Ciliates are microscopic, single-celled creatures that swim using a coat of beating hairs, or cilia—picture a furry, turbo-charged amoeba. They’re found almost anywhere there is water, including in the bodies of marine animals such as urchins. Ciliates are usually harmless, but there are a few documented cases of them acting as parasites, causing diseases in corals and even sharks. And one of those miscreant species is a close relative of the new one that Breitbart’s team found in the dying Caribbean urchins.

Still, a ciliate seemed like such an unlikely mass murderer that Breitbart wasn’t fully convinced. Fortunately, while the geneticists were working, team members Yasu Kiryu and Thierry Work were independently examining the urchin tissues under microscopes. Both investigations culminated at a single meeting, and when Team Gene announced that they had found the telltale sequence of a ciliate, Team Microscope pulled up their slides to reveal clear images of ciliates infesting the spines and bodies of the urchins. Both groups had independently identified the same unexpected suspect—and to seal the case, they grew the new ciliate in the laboratory and showed that it could kill healthy urchins within a week.  

That the researchers not only found the urchin killer, but did so in just three months, is an unprecedented feat. Stony corals in Florida and the Caribbean have been plagued by disease since 2014, and the perpetrator is still unknown. The same goes for sea stars in the Pacific Northwest, which have been hit by a degenerative illness for roughly the same amount of time. Breitbart credits her team, experienced members such as Hewson who had learned how to efficiently study these kinds of die-offs, and a “not insignificant amount of luck.” “I had a brand new graduate student working with me,” she said, “and I kept saying, ‘This isn’t the way it usually goes.’”

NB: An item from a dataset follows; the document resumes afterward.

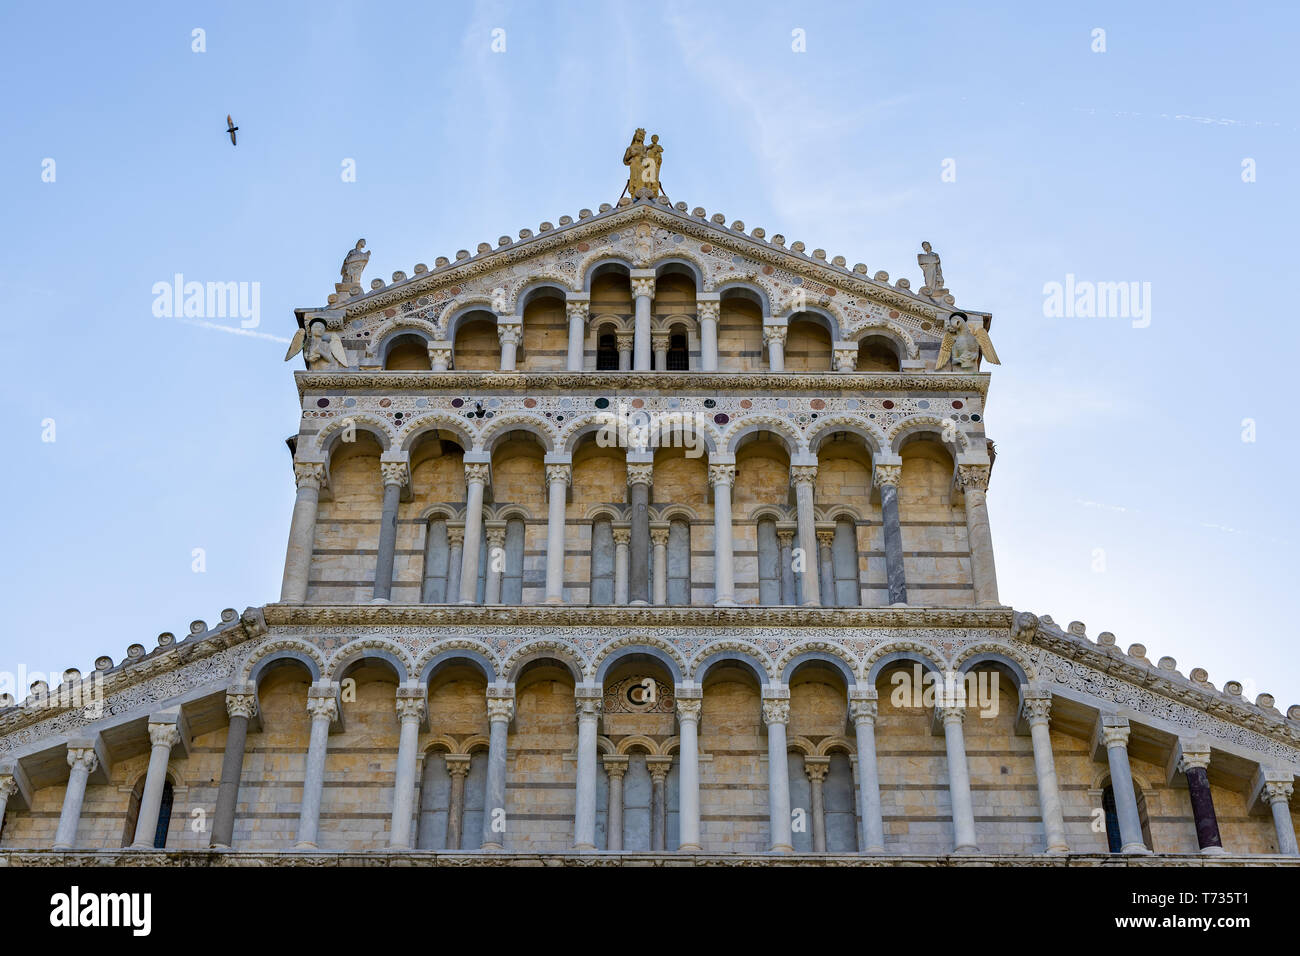 PISA, TUSCANY/ITALY  - APRIL 18 : Exterior view of the Cathedral  in Pisa Tuscany Italy on April 18, 2019 Stock Photo

Many questions still remain. If the same killer ciliate was responsible for the 1983 die-off, why did it stay dormant for almost 40 years before striking again? If it’s a newcomer, where did it come from, and how does it spread? And perhaps most important, what can be done to stop it? Kellogg has also been looking for possible treatments that would kill the ciliate but spare the urchins, and she has some promising candidates.

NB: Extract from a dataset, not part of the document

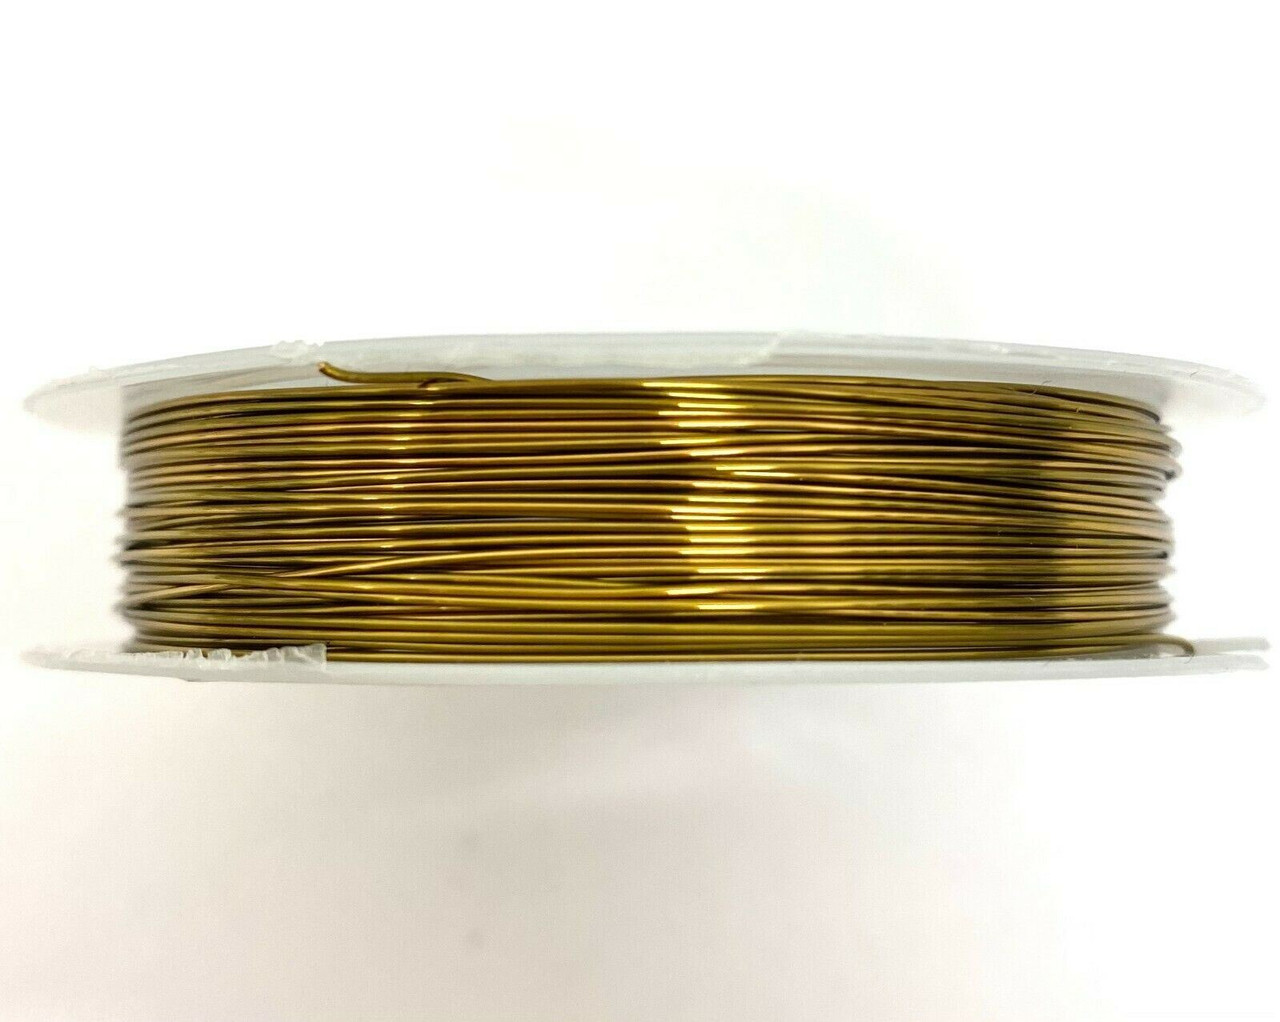 Roll of Copper Wire, 0.4mm thickness, KHAKI colour, approx 10m length

Hewson thinks the team’s success bodes well: Every time they investigate a die-off of this kind, they get a little better at it—and they’ll need to be. Mass-mortality events among wildlife are becoming more common. Climate change is forcing animals to move to new ranges, allowing species that never previously coexisted to trade pathogens. Meanwhile, climatic upheavals and environmental degradation are also subjecting animals to more stress, weakening their immune system. “Things that maybe weren’t related to mass mortality in the past will start to cause new diseases,” Hewson said. The urchin die-off may not have started in exactly this way, but it’s still a harbinger of events to come. “I’d fully expect us to see more of this kind of thing in the future,” he said.

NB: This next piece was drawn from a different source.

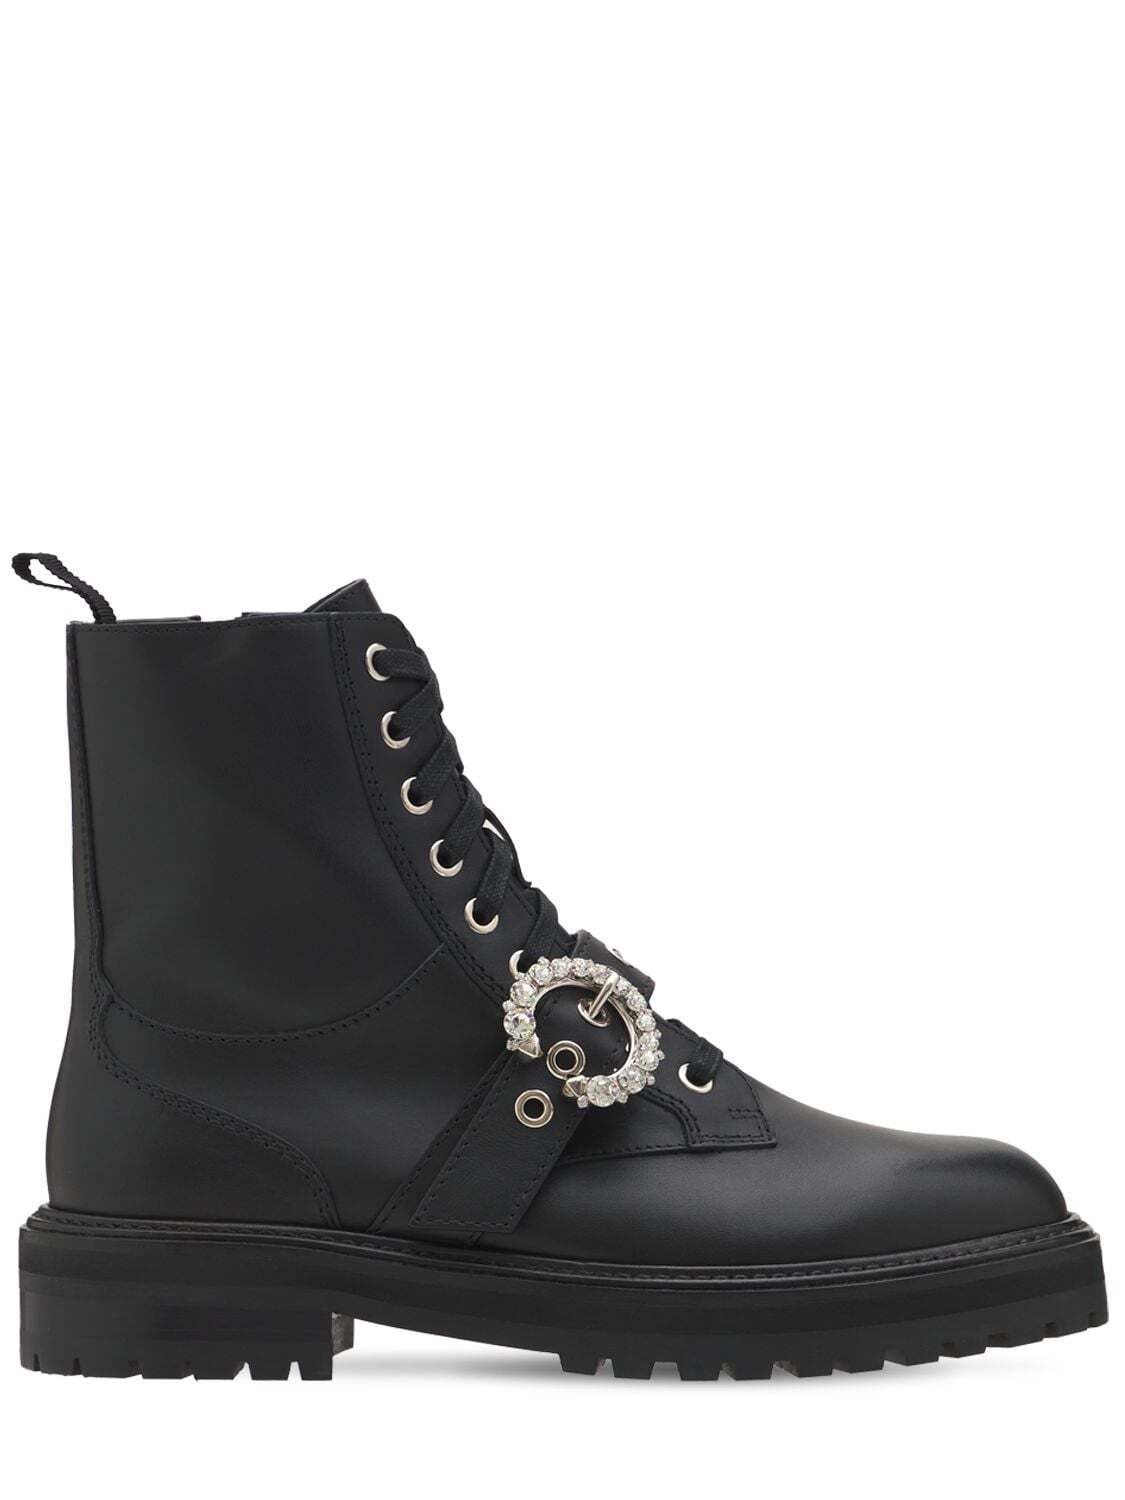 JIMMY CHOO 30mm Cora Leather Combat Boots in black

But 40-plus scientists can’t drop everything to investigate every new epidemic; there simply isn’t enough funding, expertise, or person-power to go around. In this case, doing so was clearly worth it, because the long-spined sea urchin is a keystone species—ones that play a disproportionately influential role in holding their ecosystem together. In this age of epidemics, such creatures may get triaged while others are neglected. “It’s going to be a matter of prioritizing, which is very hard,” Breitbart said.